DROP TABLE IF EXISTS documents_tf, documents_tf_vocabulary;
SELECT madlib.term_frequency('documents', -- 要计算单词的文档表名
'docid', -- 文档id列名
'words', -- 单词数组列名
'documents_tf', -- 统计了单词频率后的文档表
TRUE); -- 如果要创建词汇表,设为TRUE
\x off
SELECT * FROM documents_tf ORDER BY docid LIMIT 20;
在这个命令中,函数的第一个参数是表名documents,第二个参数是文档ID的列名,第三个参数是包含单词的文本数组列名,第四个参数是输出表名documents_tf,第五个参数是一个布尔型,用于指示是否创建词汇表。
下面结果为表现计算结果,计算出来的单词频率存储在documents_tf表中,单词与单词id存储在documents_tf _vocabulary表中。
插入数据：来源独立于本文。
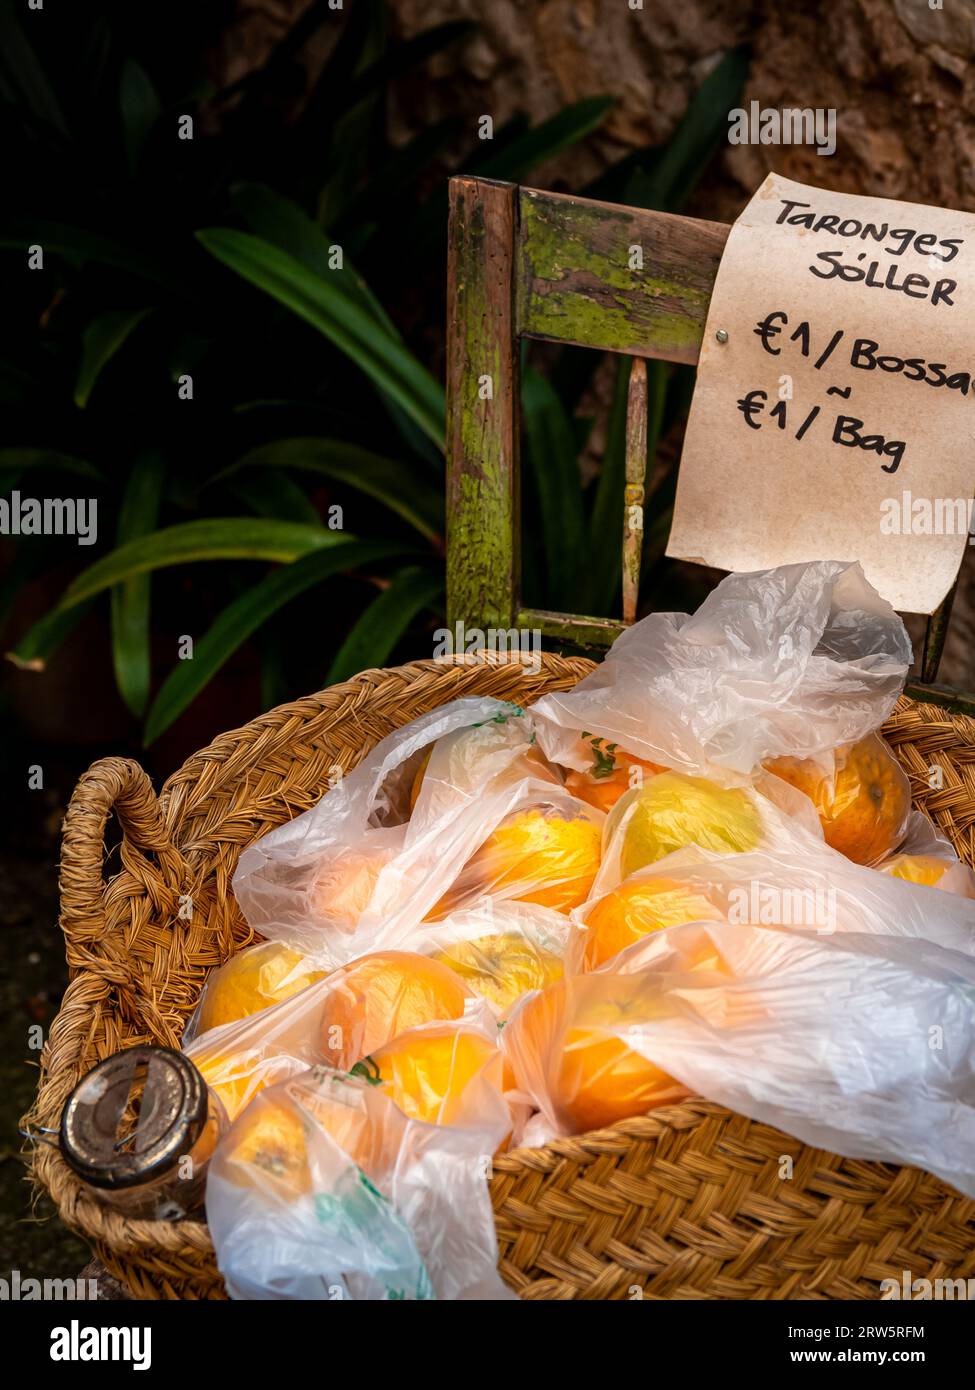 Street vending scene in catalan language as fresh Oranges from Sóller are showcased in a woven basket on a chair with a coin jar, each portion packed Stock Photo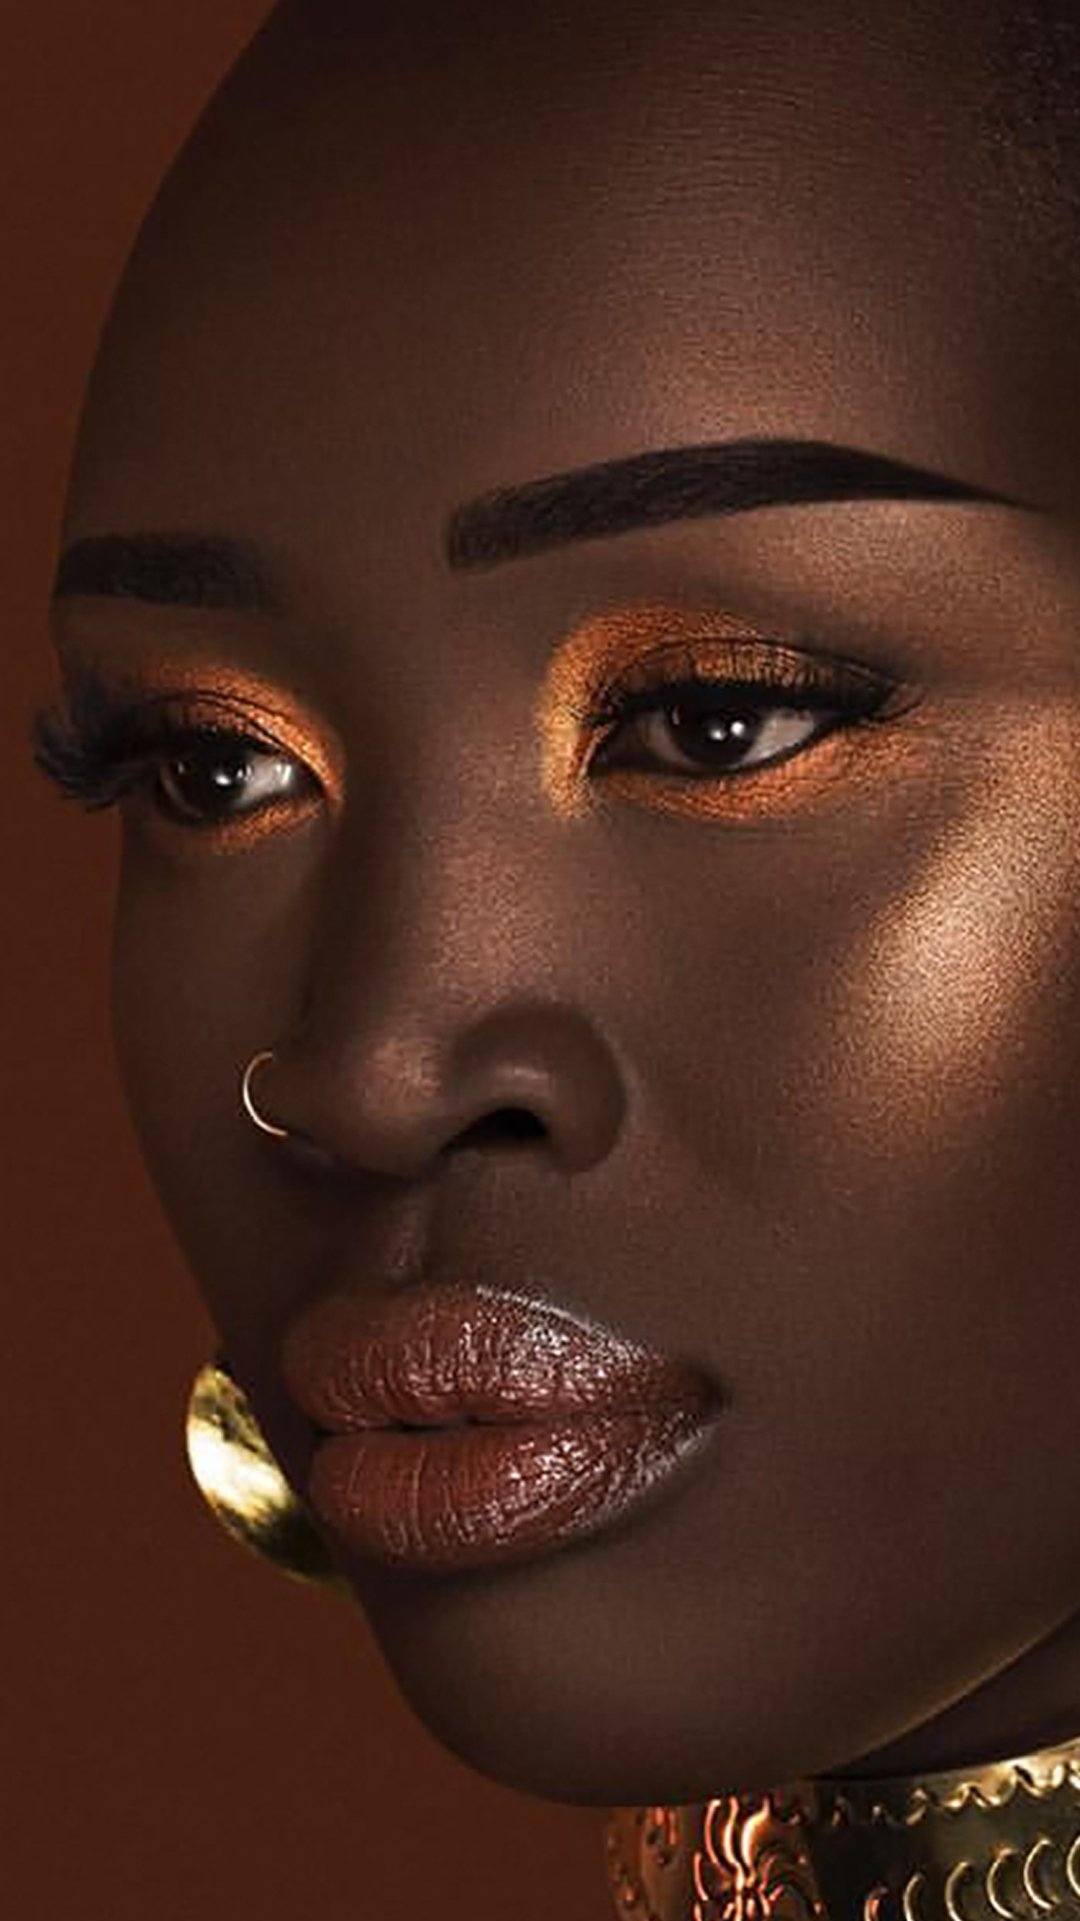 How To Apply Highlighter: The Ultimate Guide To Getting It Right

-[ RECORD 1 ]---------------------------------------------------------------------------------------------
term_frequency | Term frequency output in table documents_tf, vocabulary in table document
检察documents_tf表中的前20条结果,可以发现统计了每个文档中的每个单词及其频率:
docid | wordid | count
-------+-----------+-------
0 | 80 | 1
0 | 95 | 1
0 | 56 | 1
0 | 71 | 1
0 | 85 | 1
0 | 90 | 1
0 | 32 | 1
0 | 54 | 1
0 | 68 | 2
0 | 8 | 1
0 | 3 | 1
0 | 29 | 1
0 | 28 | 1
0 | 11 | 1
0 | 24 | 1
0 | 17 | 1
0 | 35 | 1
0 | 42 | 1
0 | 64 | 2
0 | 97 | 1
(20 rows)
SELECT * FROM documents_tf_vocabulary ORDER BY wordid LIMIT 20;
检察 documents_tf_vocabulary表中的前20条结果,可以发现单词id与对应单词环境:
wordid | word
-----------+--------------
0 | 1960s
1 | 1968
2 | 301
3 | a
4 | agricultural
5 | also
6 | american
7 | an
8 | analyzing
9 | and
10 | application
11 | are
12 | area
13 | areas
14 | average
15 | balance
16 | batting
17 | bayesian
18 | between
19 | by
(20 rows)
SELECT COUNT(*) FROM documents_tf_vocabulary;
检察单词总数,可以发现一共有103个单词:
count
-----------
103
(1 row)
2.3训练 LDA 模型
对于狄利克雷先验,我们使用初始经验法,令值= 50 /(主题数)表示 alpha,使用 0.01 表示 beta。留意,docid、wordid 和 count 的列名目前是固定的,因此必须在输入表中使用这些确切的名称。成功运行 LDA 训练函数后,会天生两个表,会在训练竣事后进行提示,一个用于存储学习的模型,另一个用于存储输出数据表、评论汇总表。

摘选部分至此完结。